To me this code does not seem asynchronous because it is Figure 3 in my example diagram. The I/O call blocks the thread (although we don't feel it because they are blocked in parallel).

However, if this is the case I am confused why requests-futures is considered asynchronous since it is a wrapper around ThreadPoolExecutor:

with concurrent.futures.ThreadPoolExecutor(max_workers=20) as executor:
    future_to_url = {executor.submit(load_url, url, 10): url for url in     get_urls()}
    for future in concurrent.futures.as_completed(future_to_url):
        url = future_to_url[future]
        try:
            data = future.result()

Can this function on just one thread?

Especially when compared to asyncio, which means it can run single-threaded

There are only two ways to have a program on a single processor do “more than one thing at a time.” Multi-threaded programming is the simplest and most popular way to do it, but there is another very different technique, that lets you have nearly all the advantages of multi-threading, without actually using multiple threads. It’s really only practical if your program is largely I/O bound. If your program is processor bound, then pre-emptive scheduled threads are probably what you really need. Network servers are rarely processor bound, however.

Upvotes: 4

Answers (2)

Nikita

Reputation: 6341

First of all, one note: concurrent.futures.Future is not the same as asyncio.Future. Basically it's just an abstraction - an object, that allows you to refer to job result (or exception, which is also a result) in your program after you assigned a job, but before it is completed. It's similar to assigning common function's result to some variable.

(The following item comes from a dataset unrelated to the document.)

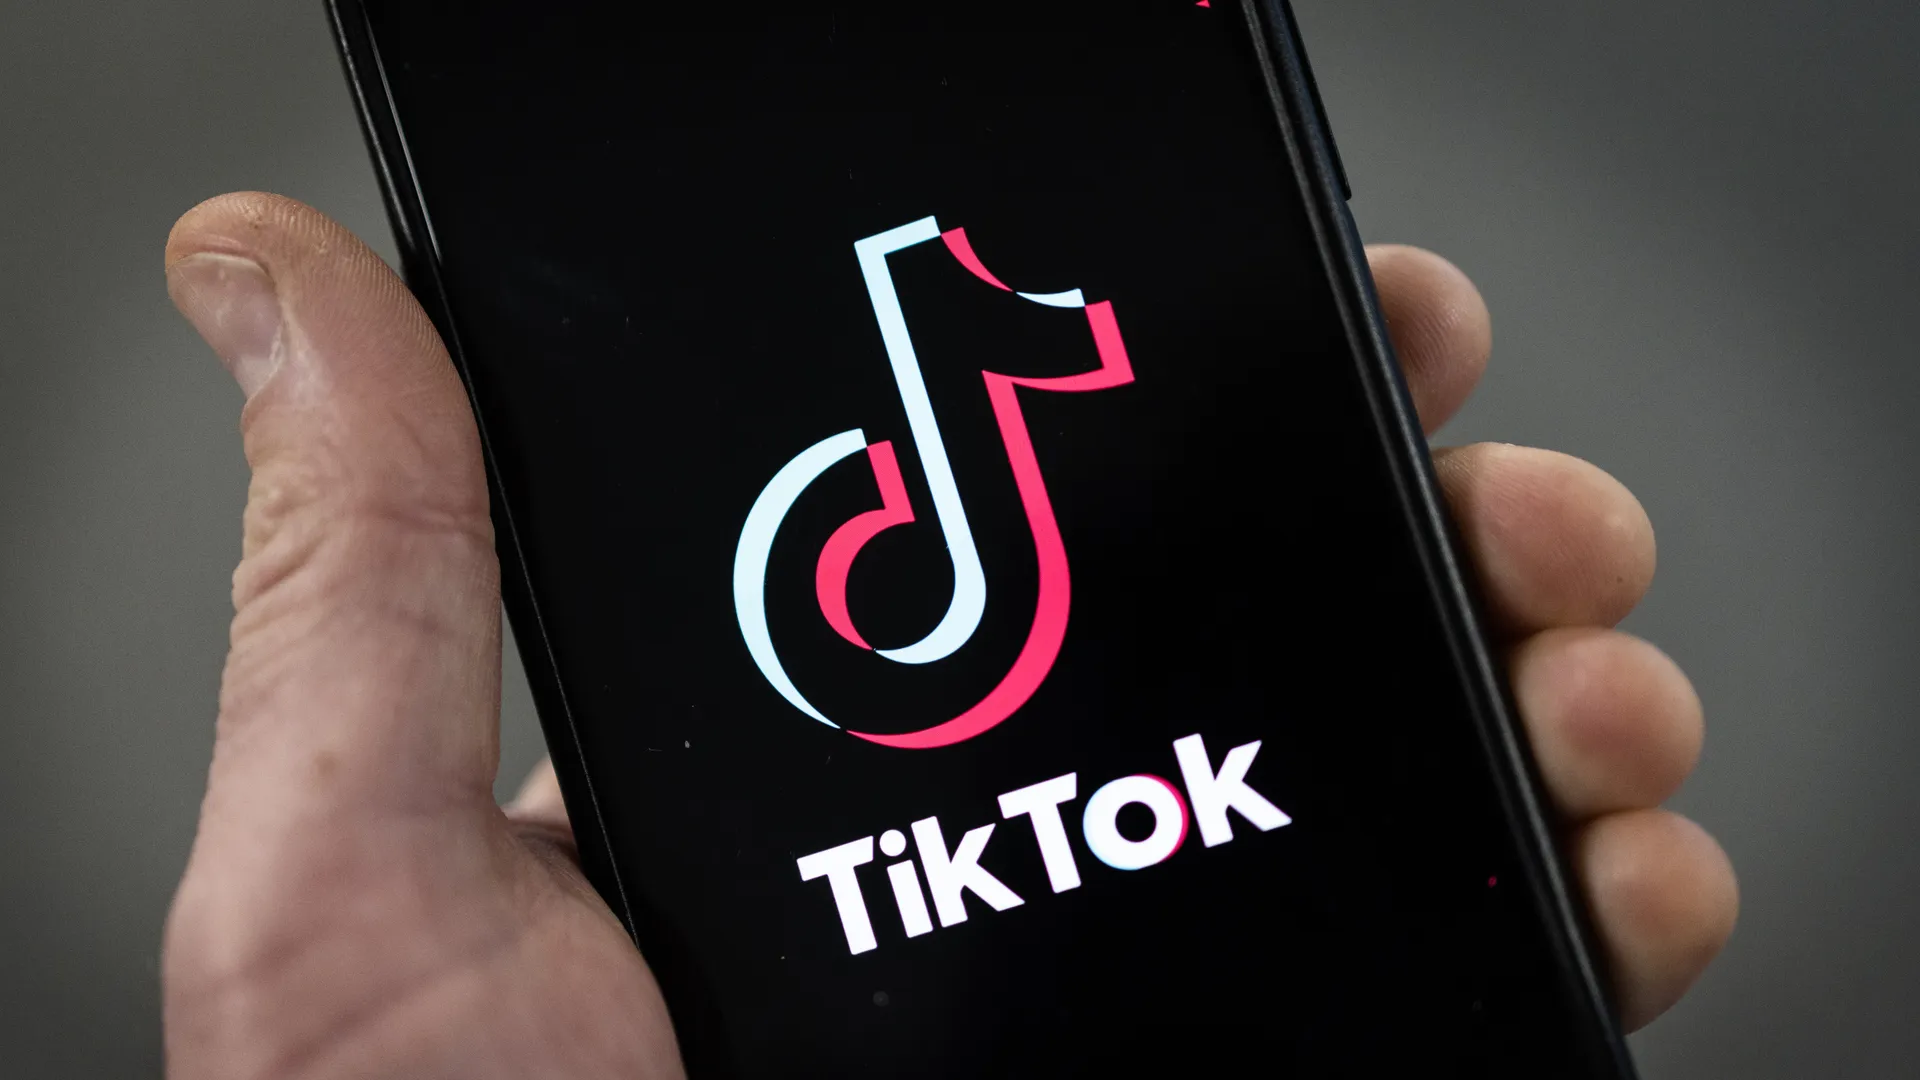 Montana is the first US state to ban TikTok entirely

Multithreading: Regarding your example, when using multiple threads you can say that your code is "asynchronous" as several operations are performed in different threads at the same time without waiting for each other to complete, and you can see it in the timing results. And you're right, your function due to sleep is blocking, it blocks the worker thread for the specified amount of time, but when you use several threads those threads are blocked in parallel. So if you would have one job with sleep and the other one without and run multiple threads, the one without sleep would perform calculations while the other would sleep. When you use single thread, the jobs are performed in in a serial manner one after the other, so when one job sleeps the other jobs wait for it, actually they just don't exist until it's their turn. All this is pretty much proven by your time tests. The thing happened with print has to do with "thread safety", i.e. print uses standard output, which is a single shared resource. So when your multiple threads tried to print at the same time the switching happened inside and you got your strange output. (This also show "asynchronicity" of your multithreaded example.) To prevent such errors there are locking mechanisms, e.g. locks, semaphores, etc.

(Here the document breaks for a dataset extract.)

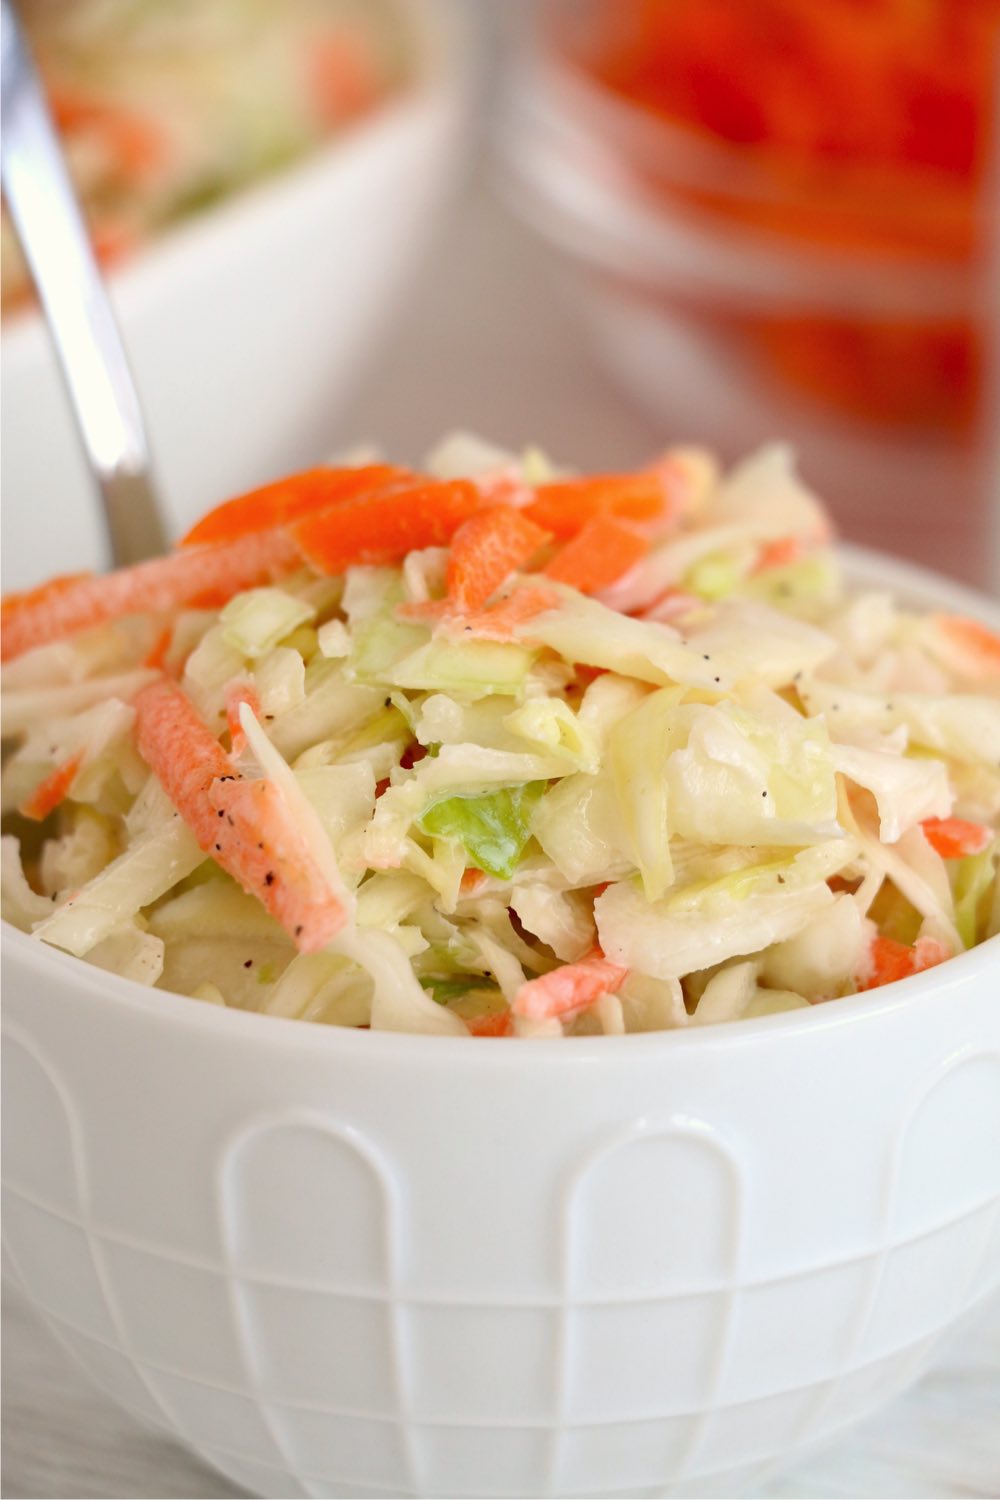 up close shot of coleslaw in small white bowl

Asyncio: To better understand the purpose note the "IO" part, it's not 'async computation', but 'async input/output'. When talking about asyncio you usually don't think about threads at first. Asyncio is about event loop and generators (coroutines). The event loop is the arbiter, that governs the execution of coroutines (and their callbacks), that were registered to the loop. Coroutines are implemented as generators, i.e. functions that allow to perform some actions iteratively, saving state at each iteration and 'returning', and on the next call continuing with the saved state. So basically the event loop is while True: loop, that calls all coroutines/generators, assigned to it, one after another, and they provide result or no-result on each such call - this provides possibility for "asynchronicity". (A simplification, as there's scheduling mechanisms, that optimize this behavior.) The event loop in this situation can run in single thread and if coroutines are non-blocking it will give you true "asynchronicity", but if they are blocking then it's basically a linear execution.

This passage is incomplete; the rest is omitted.